Он остановился и вдруг посмотрел на меня пристально.
– Да ты никак жениться собрался?
– С чего ты взял?
Он снова засмеялся и погрозил мне пальцем.
– Ну, тогда все с тобой ясно. Не собрался еще, так здесь тебя и без спроса оженят в два счета. Тут важно не продешевить. Для нашего брата, Сашка, главное – продать себя подороже! Так что ты не дури, а то потом побежишь от жены на край света.
– Да что ж тебя не оженили?
– Эка сравнил! Я, брат, не ты, меня голыми руками не возьмешь! А знаешь, я и шафером у тебя буду! Вот славно погуляем!

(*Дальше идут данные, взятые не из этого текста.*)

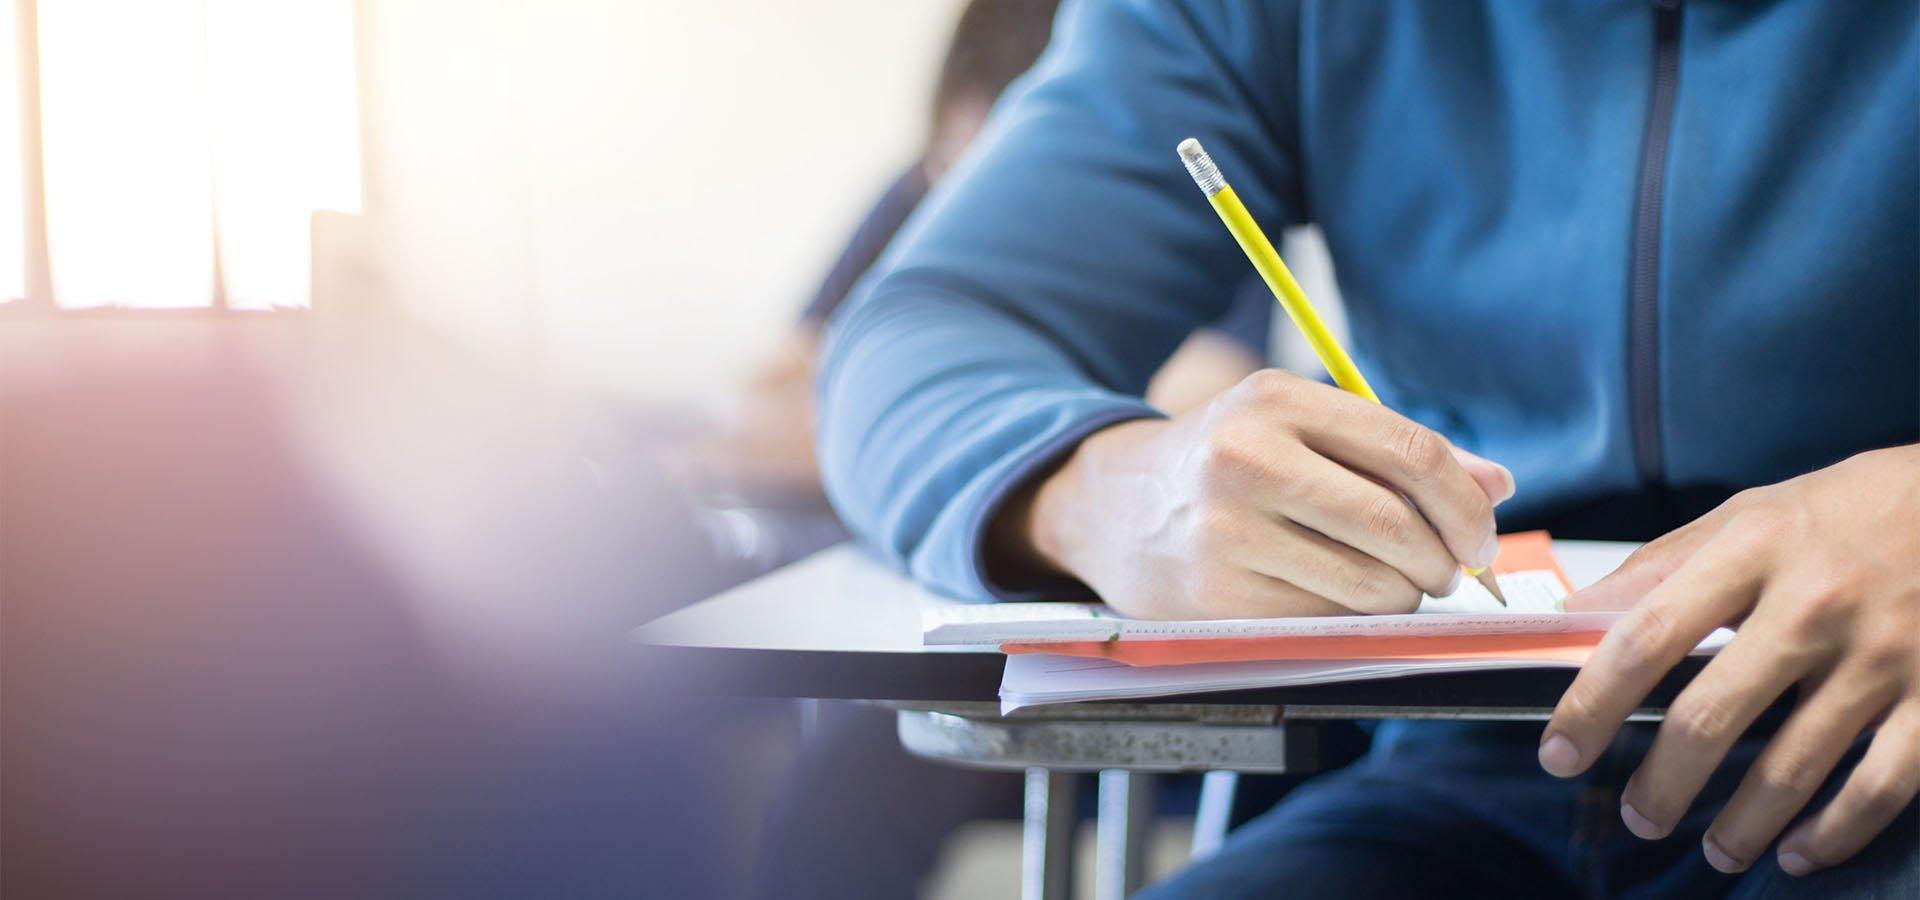 Sinipaitainen opiskelija istuu pulpetissa ja kirjoittaa lyijykynällä paperiin.

Помню, в ту минуту я подумал, что, если и соберусь жениться, никогда не унижусь до того, чтобы этот человек держал венец над моей невестой.
Перед тем как уехать, Николенька стал звать меня куда-то, где собиралась веселиться симбирская молодежь, и я дал ему слово приехать с намерением в назначенный день сказаться больным.

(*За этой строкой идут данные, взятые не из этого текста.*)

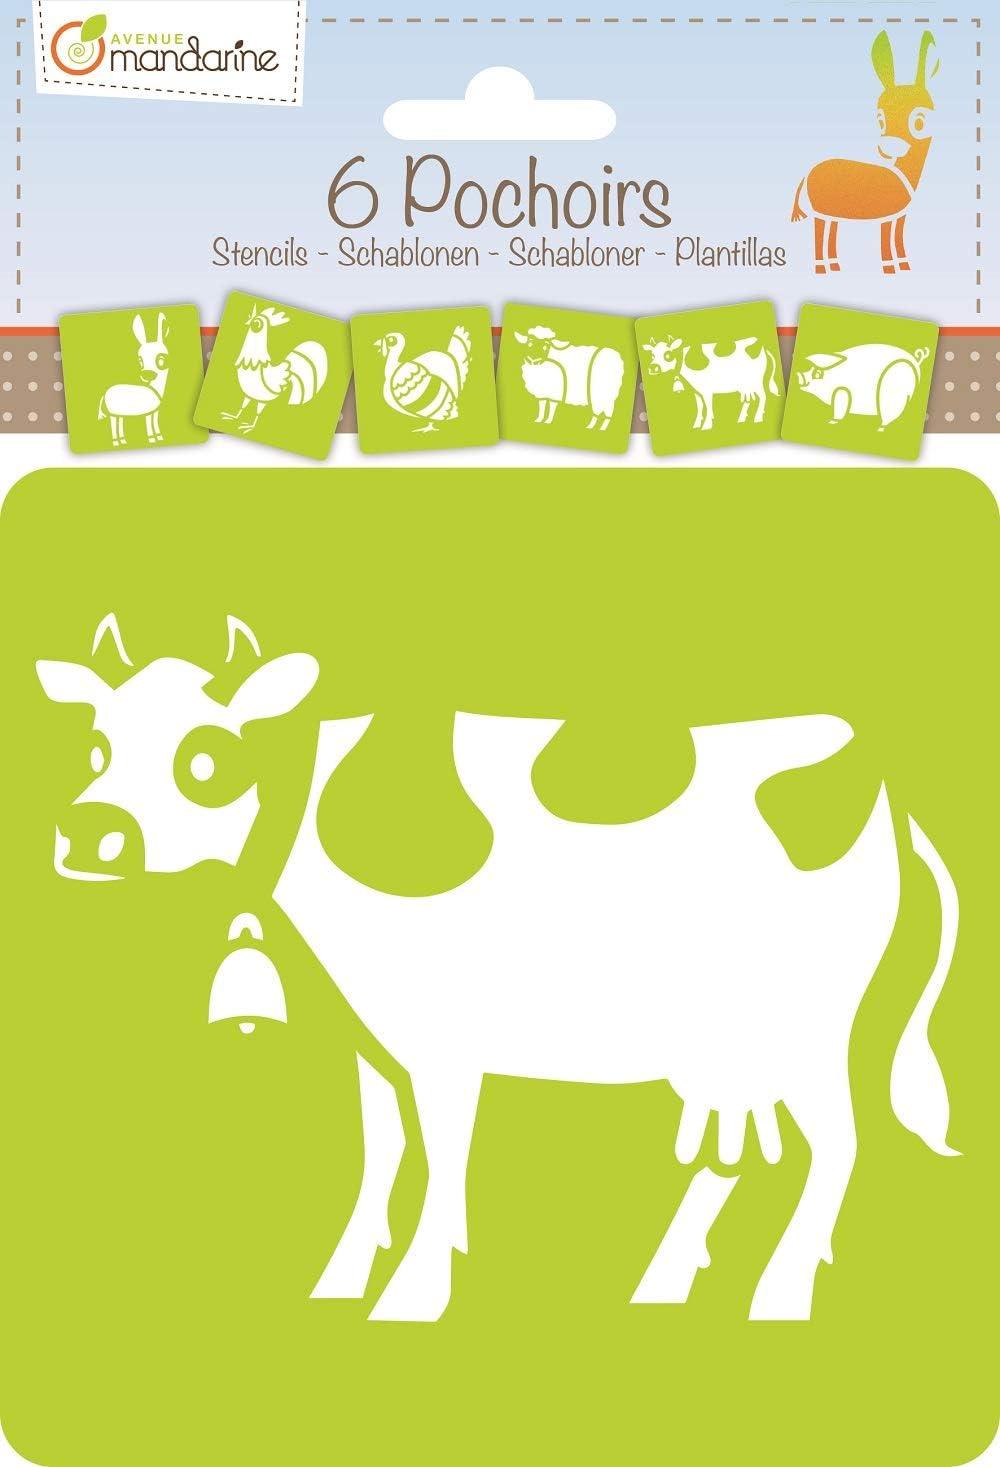 Avenue Mandarine 42450MD Set 6er Pack mit 6 Schablonen, 15 x 15 cm, geeignet f/ür Kinder ab 3 Jahre, f/ür Filz- und Farbstifte, Farben oder Farbbomben, Alphabet

С глупым, полудетским трепетом я ждал встречи с Дашенькой. Я знал, что она вышла замуж и жила в Симбирске. Встреча наша на каких-то именинах, на которые меня затащила тетка, вышла забавной. Non bis in idem [14] ! Дашенька превратилась в добротную Дарью Ивановну, была беременна третьим ребенком, сильно располнела. Веснушки потемнели и все так же густо покрывали ее лицо и заплывшую шею. Замужем она была за почтмейстером, который брызгал слюнями во все стороны и прилизывал фиксатуаром на широкой плеши скудные остатки волос. После ужина, когда все сели играть в карты, мы уединились с ней в маленькой гостиной. Никто не решался первым начать разговор. Наконец я спросил, счастлива ли она. Дарья Ивановна пожала плечами, как-то печально улыбнулась и ответила просто:
– Да. У меня есть мои крошки. Они, слава Богу, здоровы, а что еще нужно?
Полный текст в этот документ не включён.